About this exercise -
Among the entries that follow, locate the line with "LAGONDA AGRICULTURAL WORKS, Ohio." and the line with "devastated - wastelands - album cover". Output those lines and all lines in between, exactly, minus the pictures.

Excerpted data -

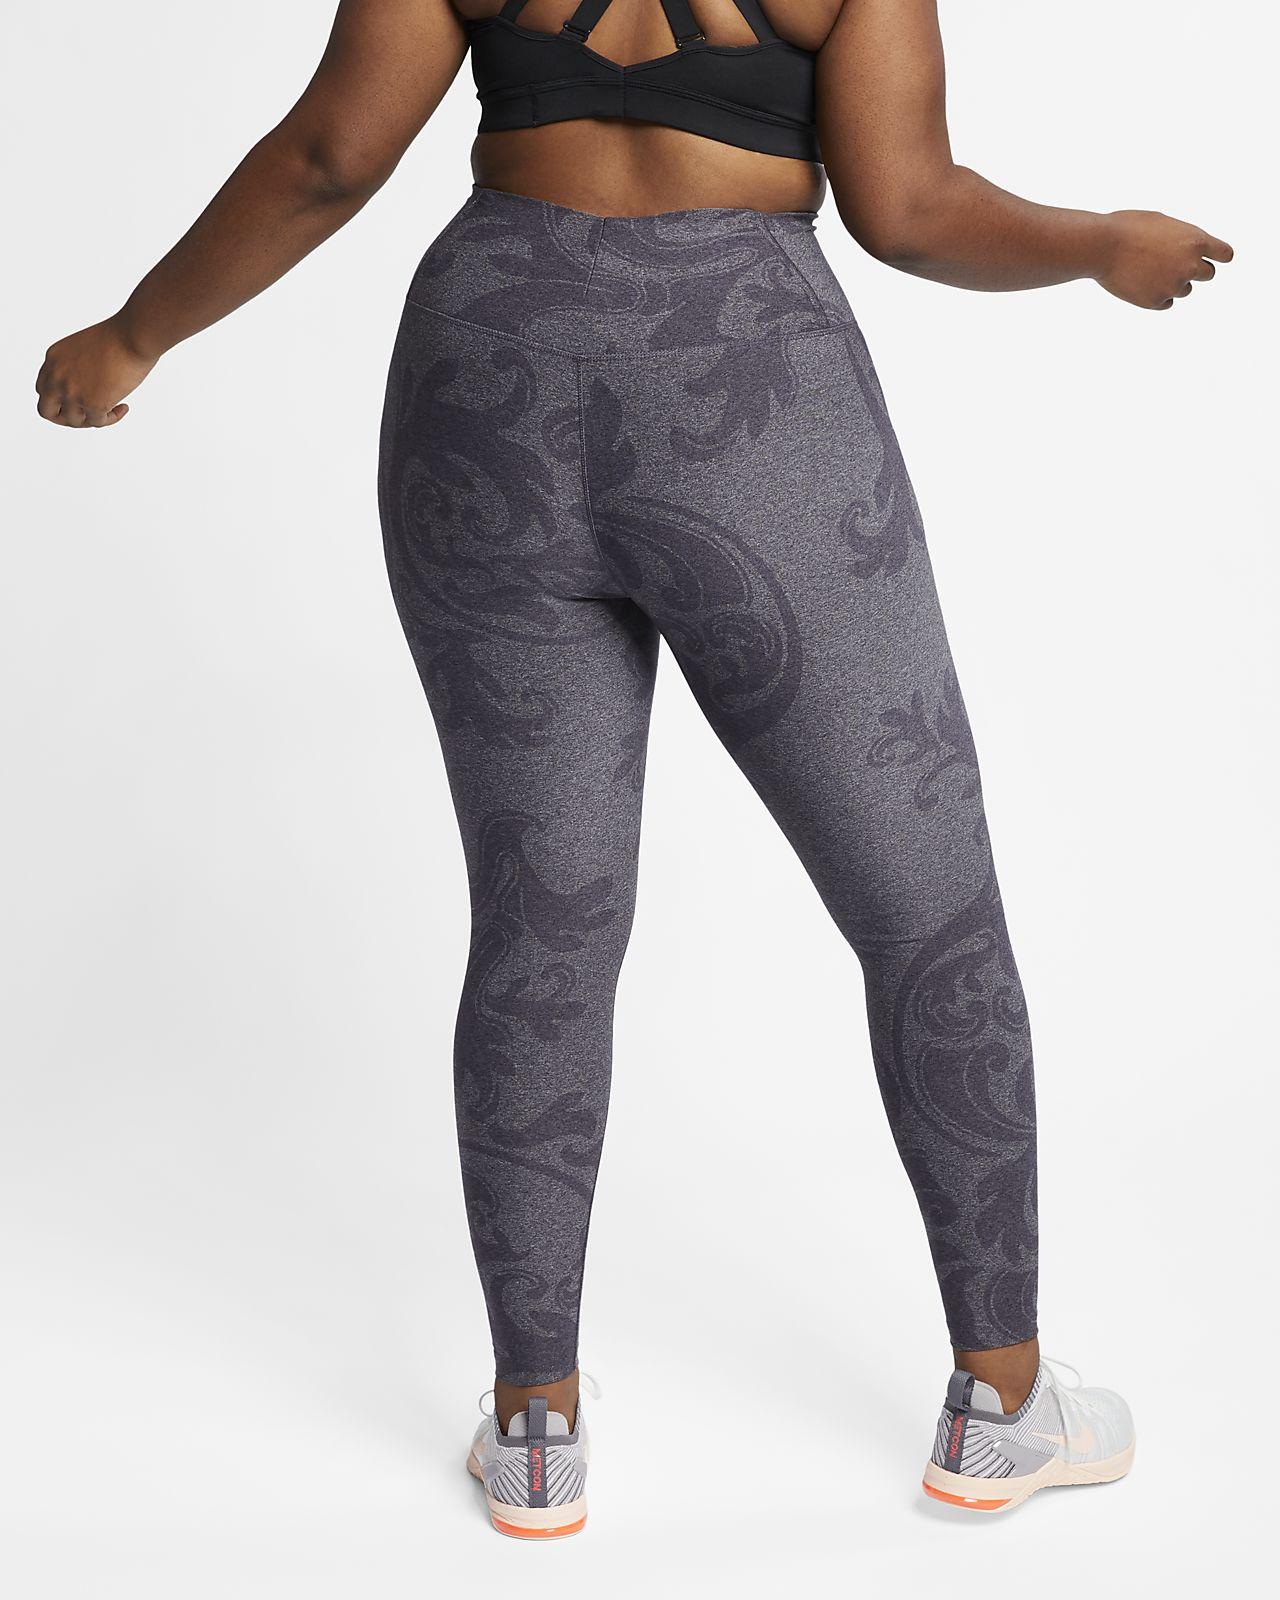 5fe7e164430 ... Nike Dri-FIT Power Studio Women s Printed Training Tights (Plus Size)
* * *
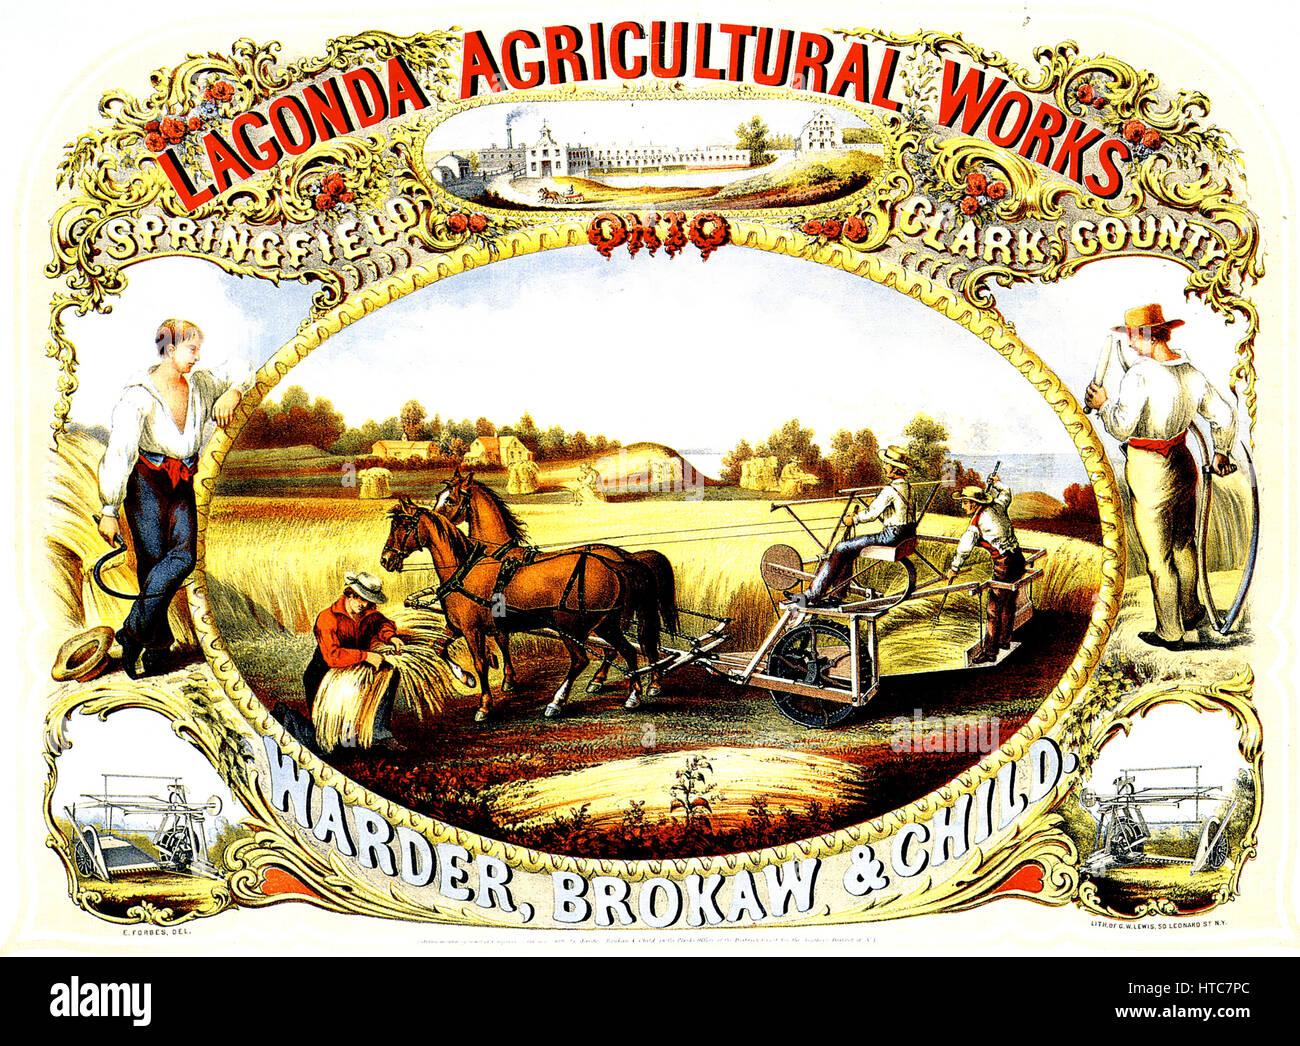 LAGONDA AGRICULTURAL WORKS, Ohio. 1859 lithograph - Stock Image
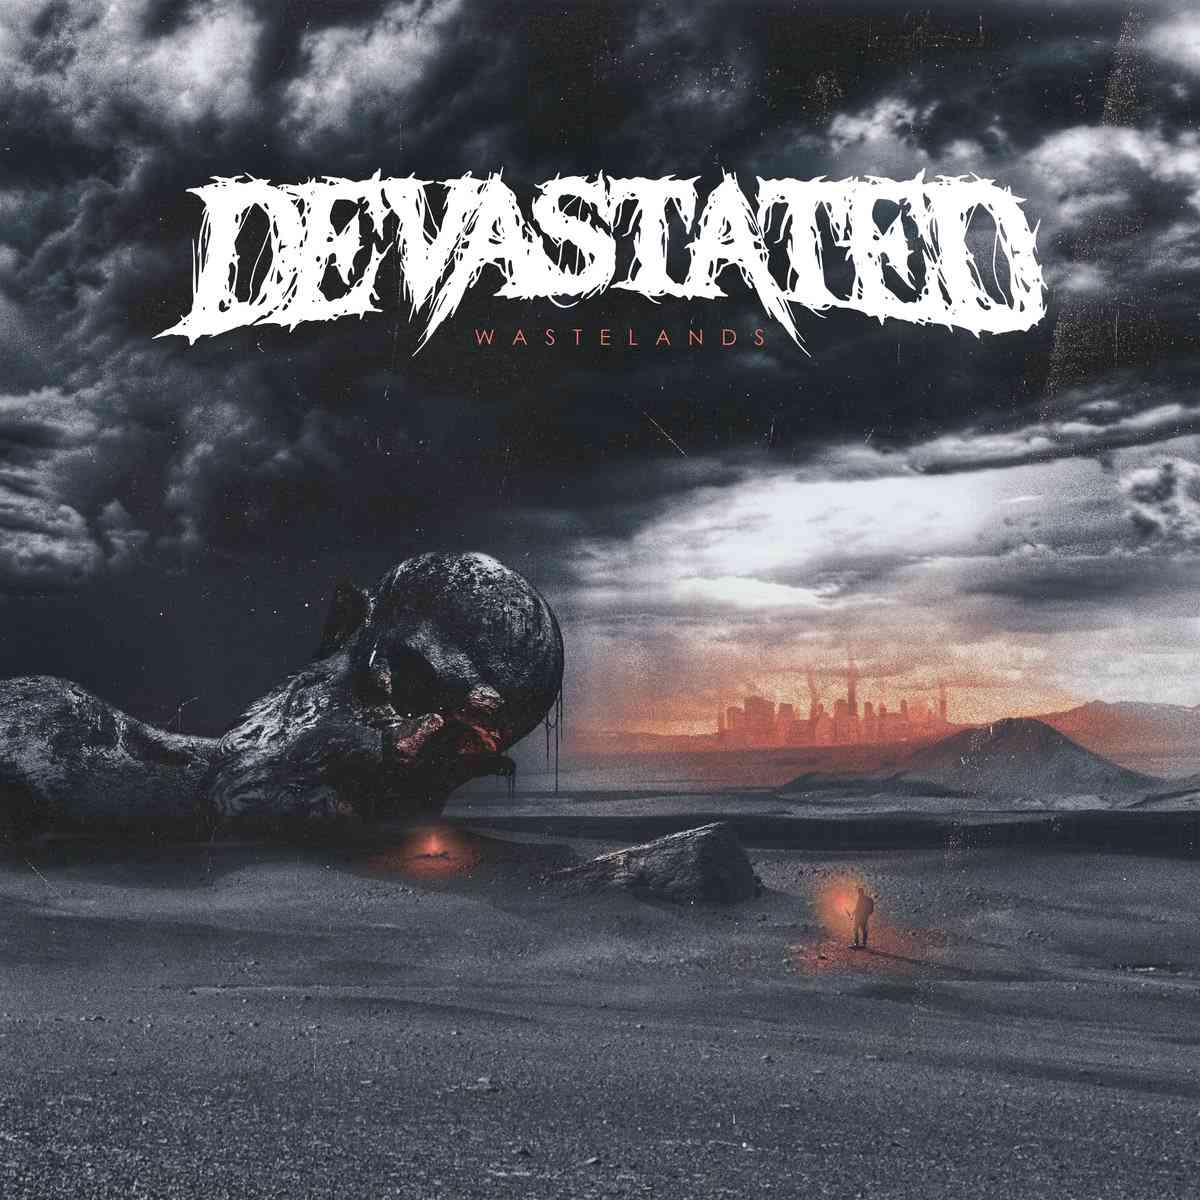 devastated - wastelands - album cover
...
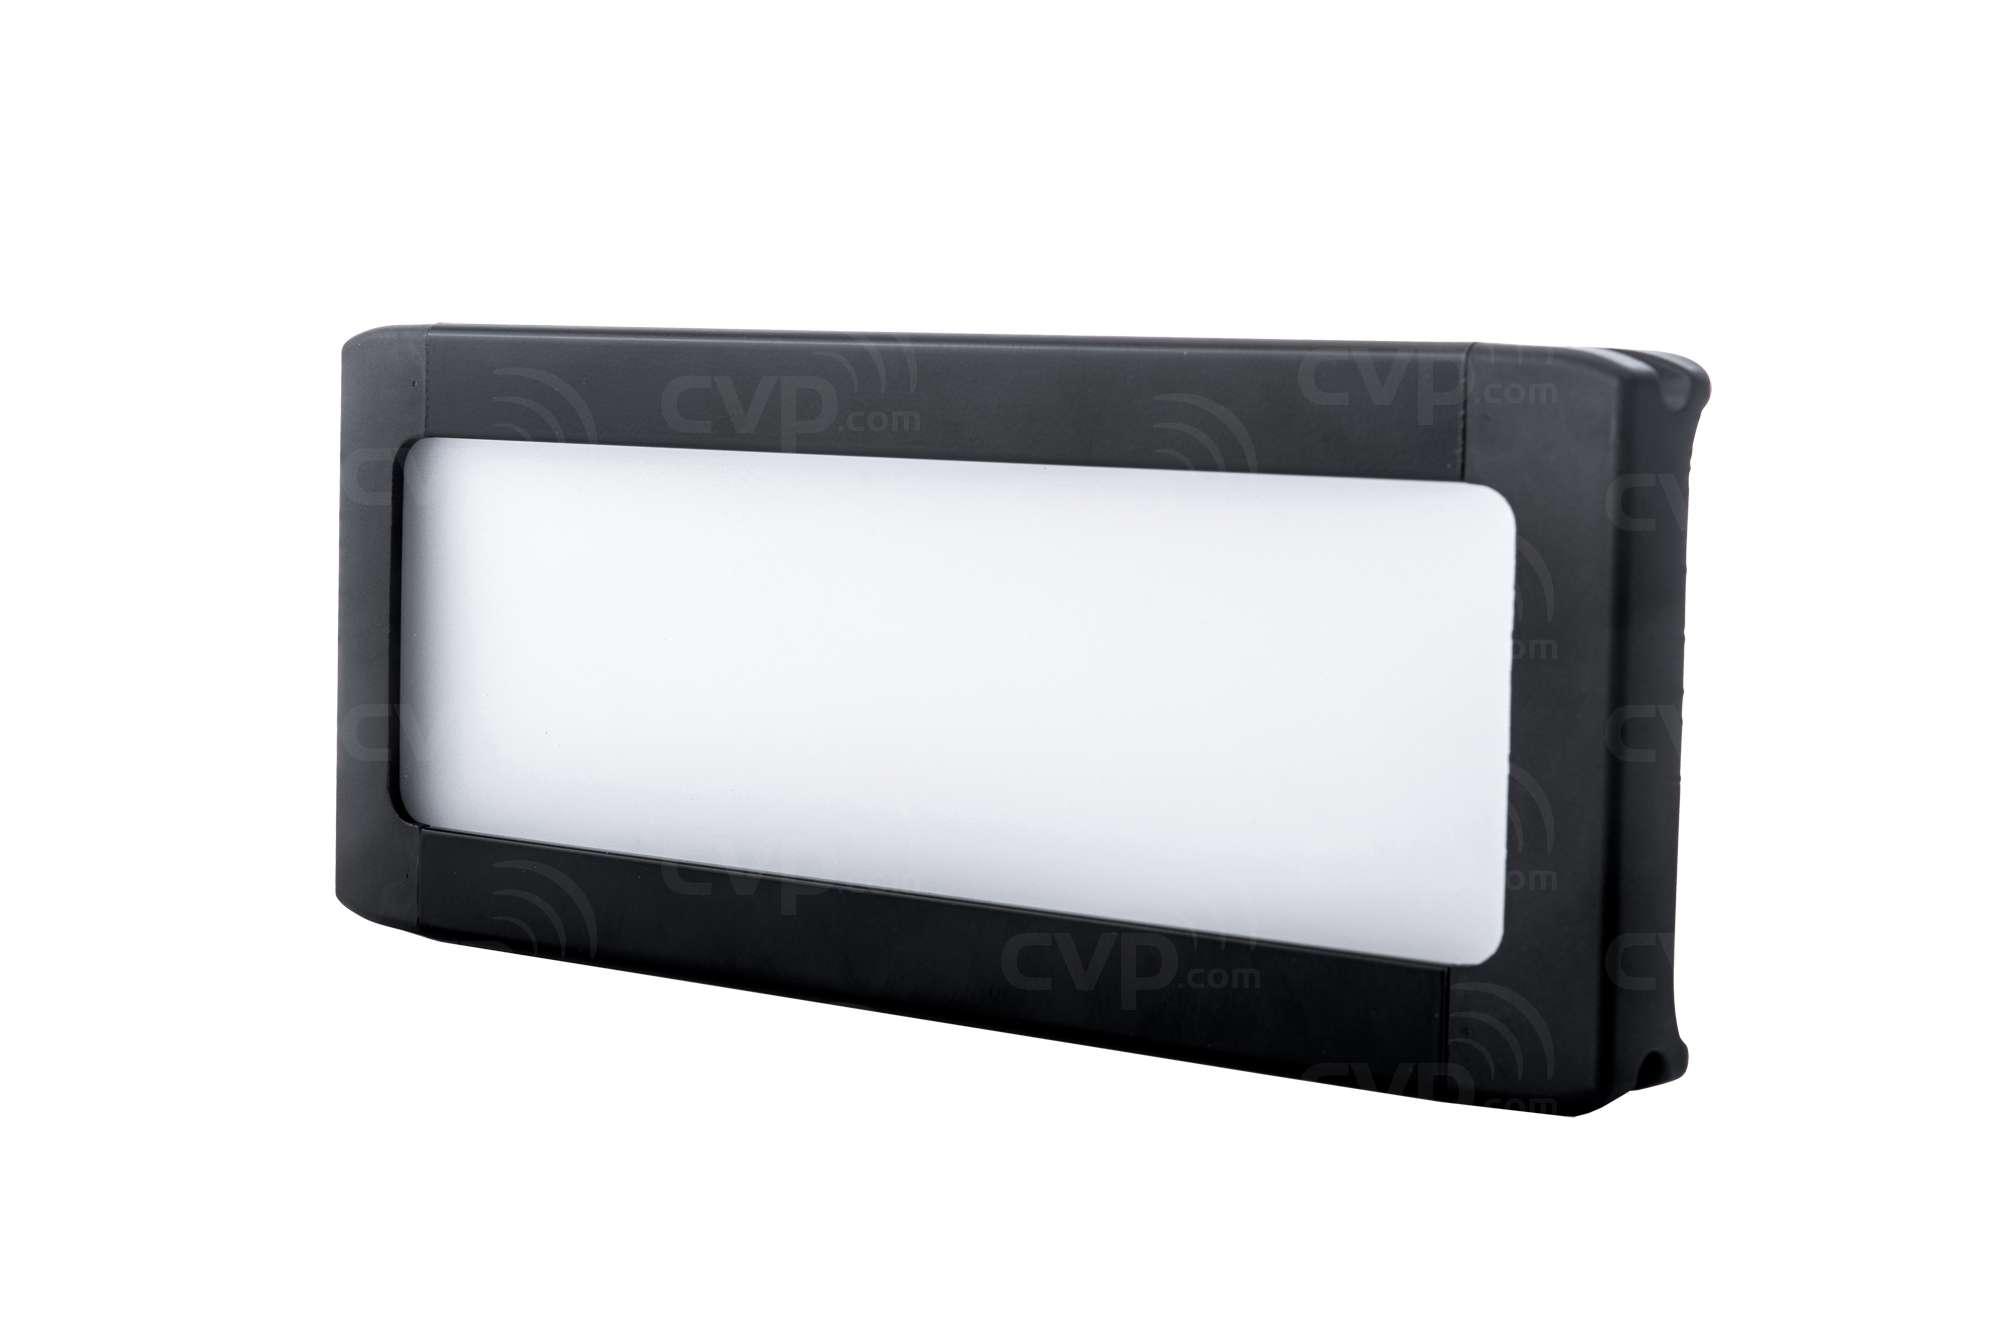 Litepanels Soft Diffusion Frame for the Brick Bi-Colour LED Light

Your solution -
 LAGONDA AGRICULTURAL WORKS, Ohio. 1859 lithograph - Stock Image
 devastated - wastelands - album cover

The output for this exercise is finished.